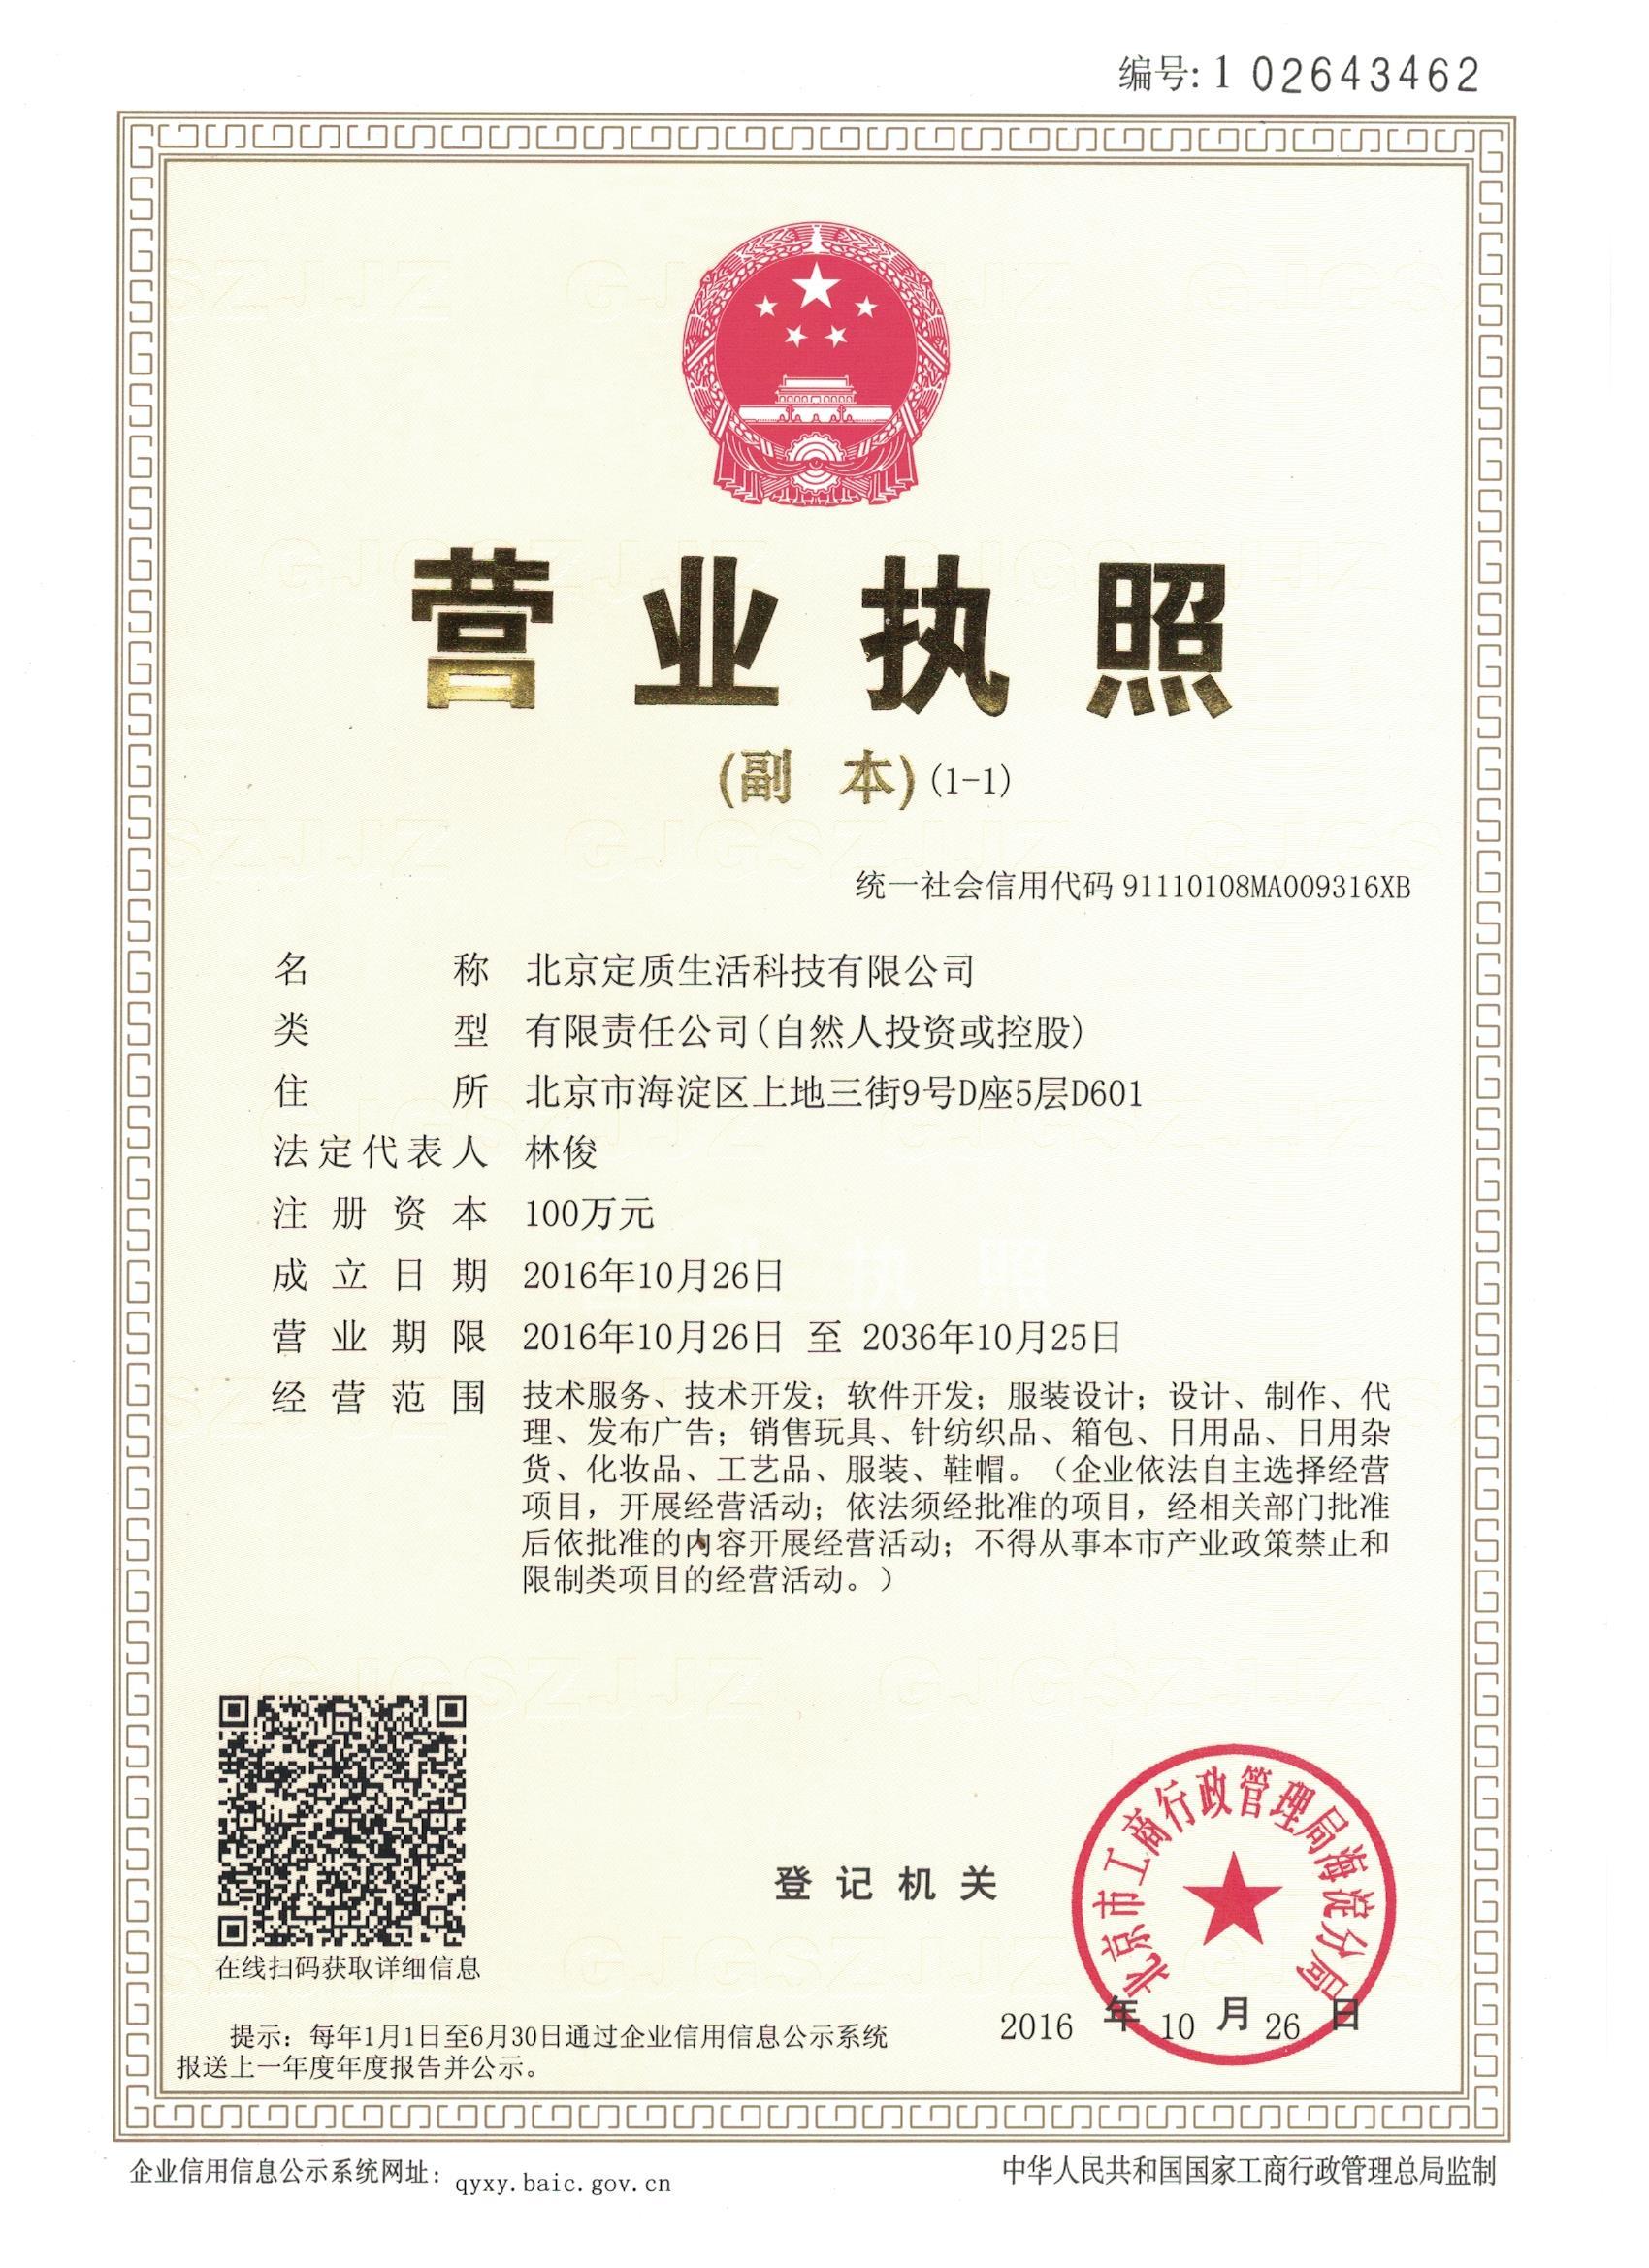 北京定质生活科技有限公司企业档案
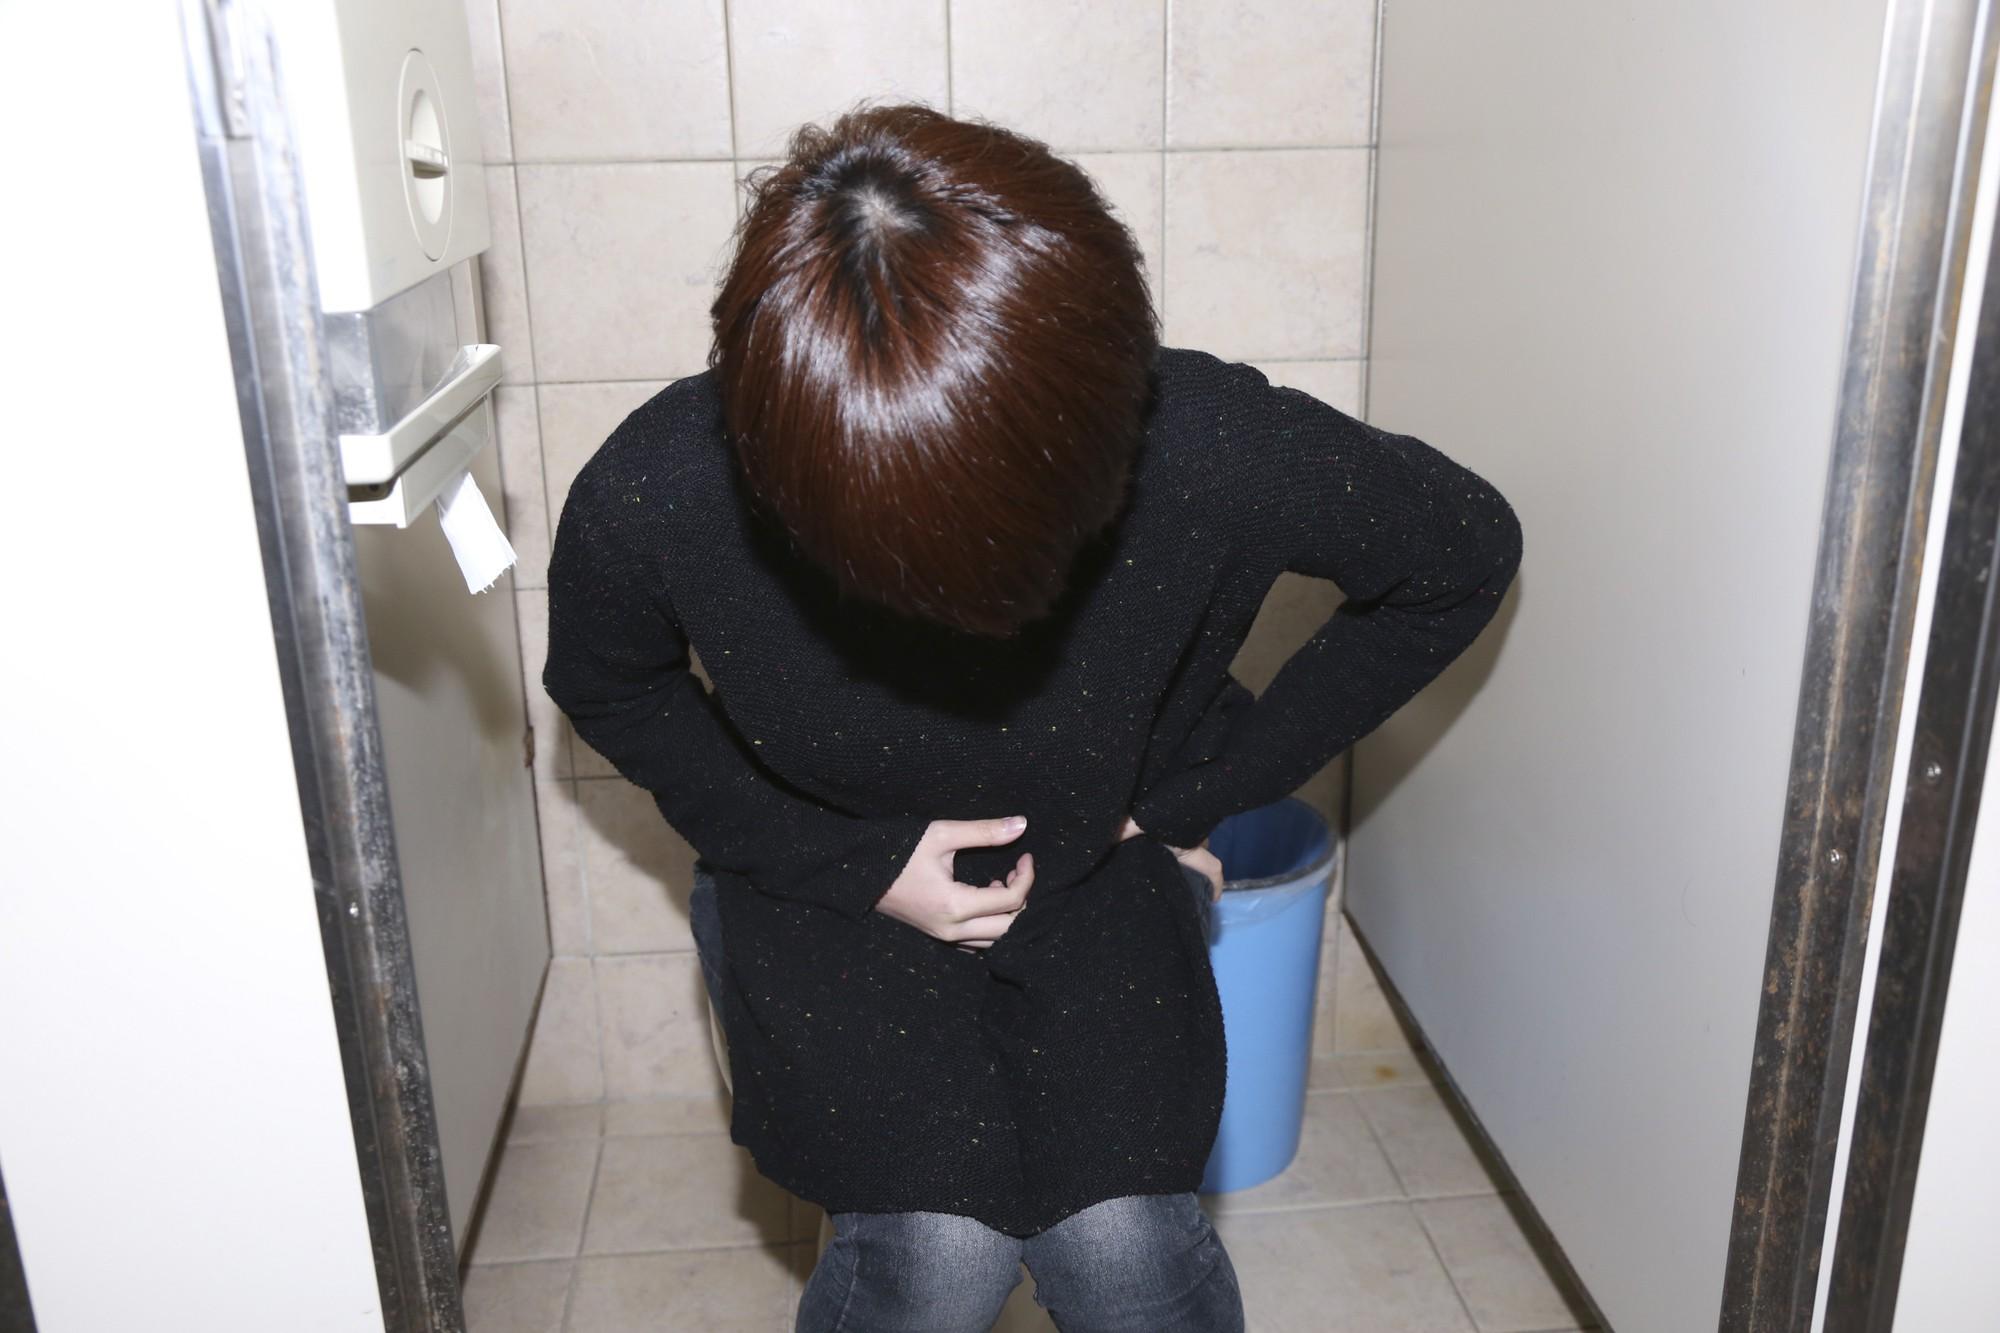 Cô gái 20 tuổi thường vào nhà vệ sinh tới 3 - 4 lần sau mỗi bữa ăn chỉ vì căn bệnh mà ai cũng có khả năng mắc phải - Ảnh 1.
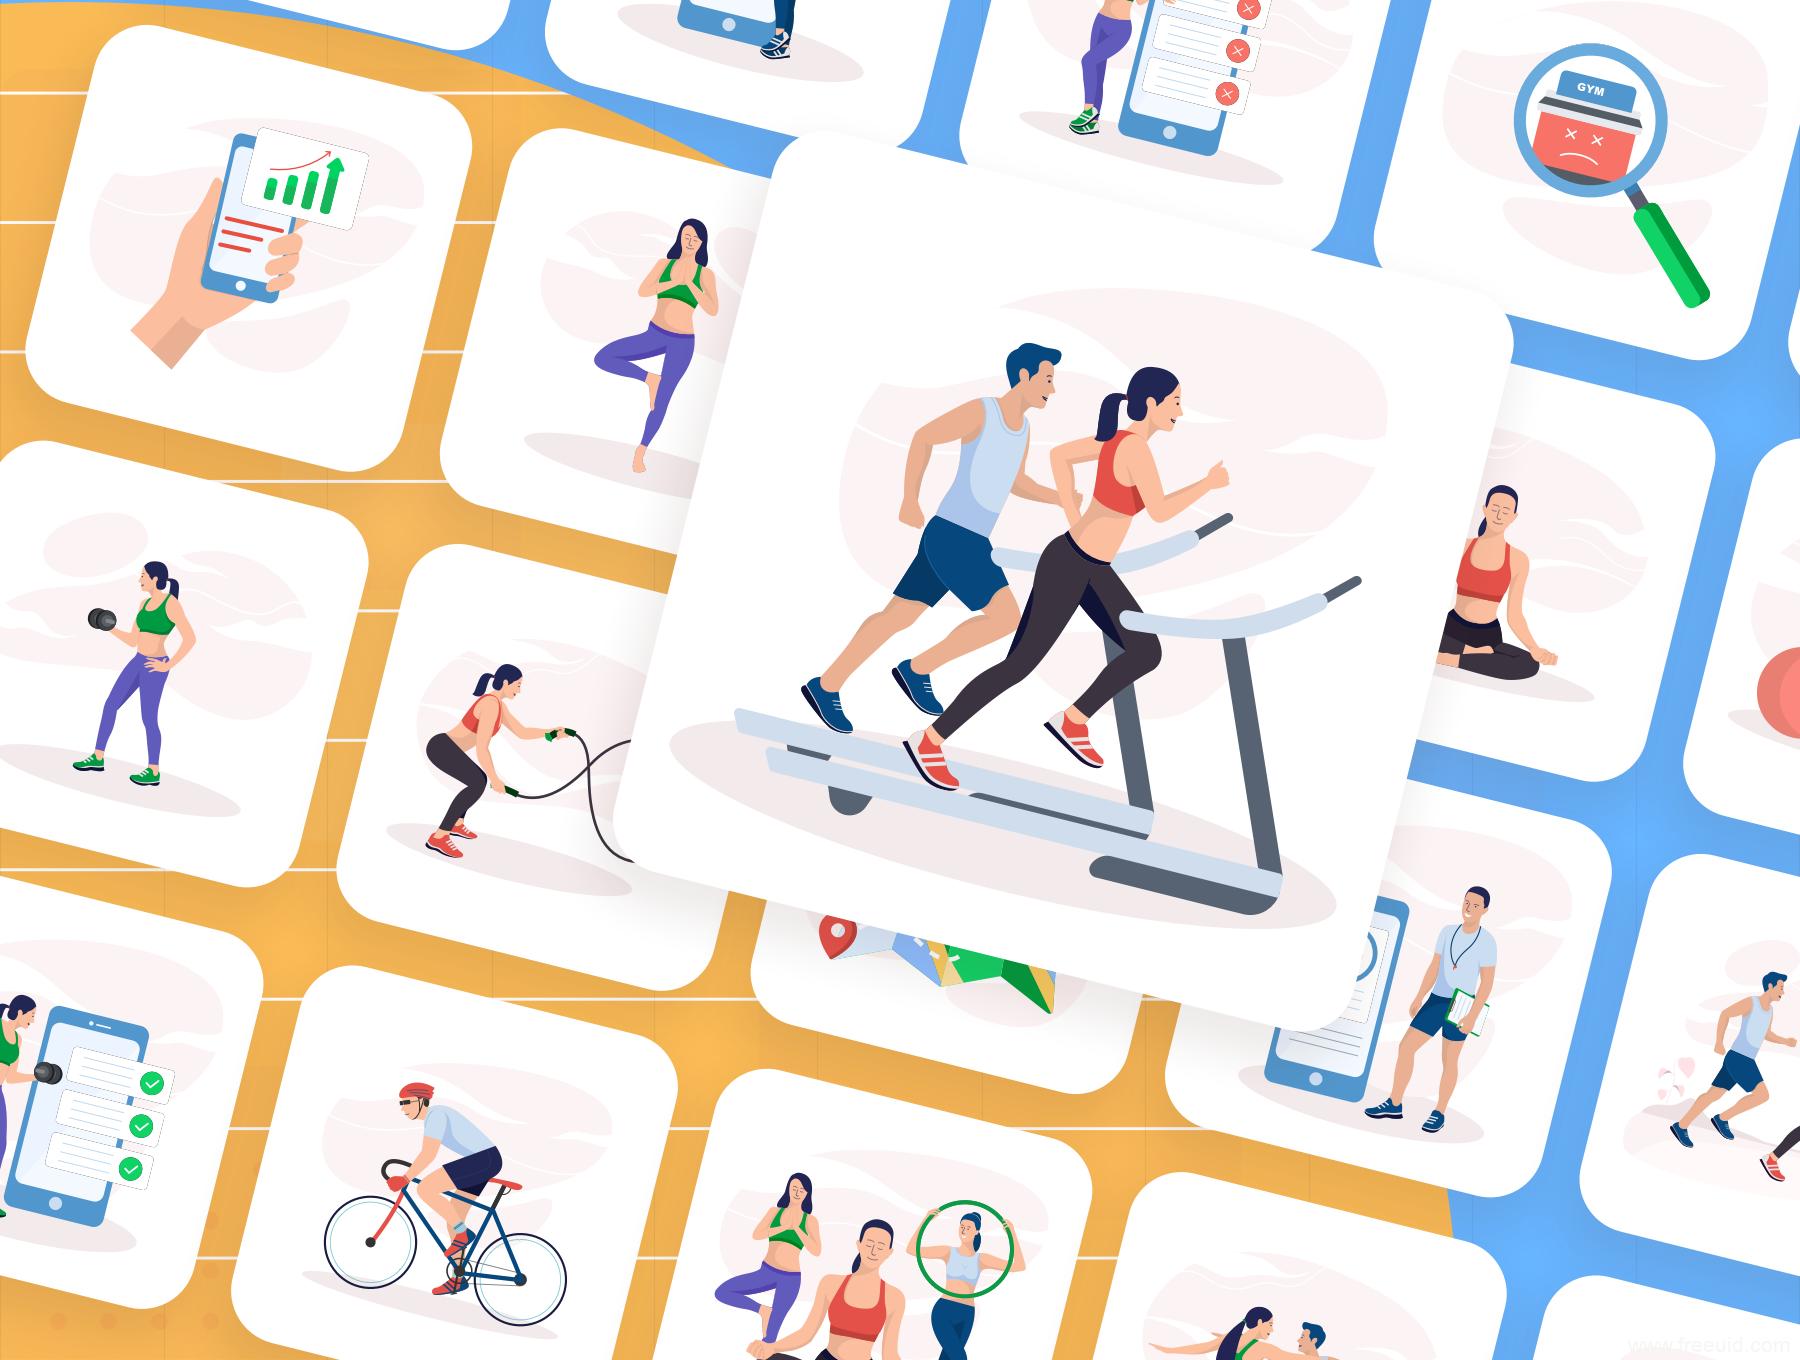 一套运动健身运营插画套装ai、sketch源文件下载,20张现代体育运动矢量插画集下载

++++++

Aim of the exercise
The whole listing above, word for word: repeat it with the pictures excluded.

Exercise solution
 北京定质生活科技有限公司企业档案
 Cô gái 20 tuổi thường vào nhà vệ sinh tới 3 - 4 lần sau mỗi bữa ăn chỉ vì căn bệnh mà ai cũng có khả năng mắc phải - Ảnh 1.
 一套运动健身运营插画套装ai、sketch源文件下载,20张现代体育运动矢量插画集下载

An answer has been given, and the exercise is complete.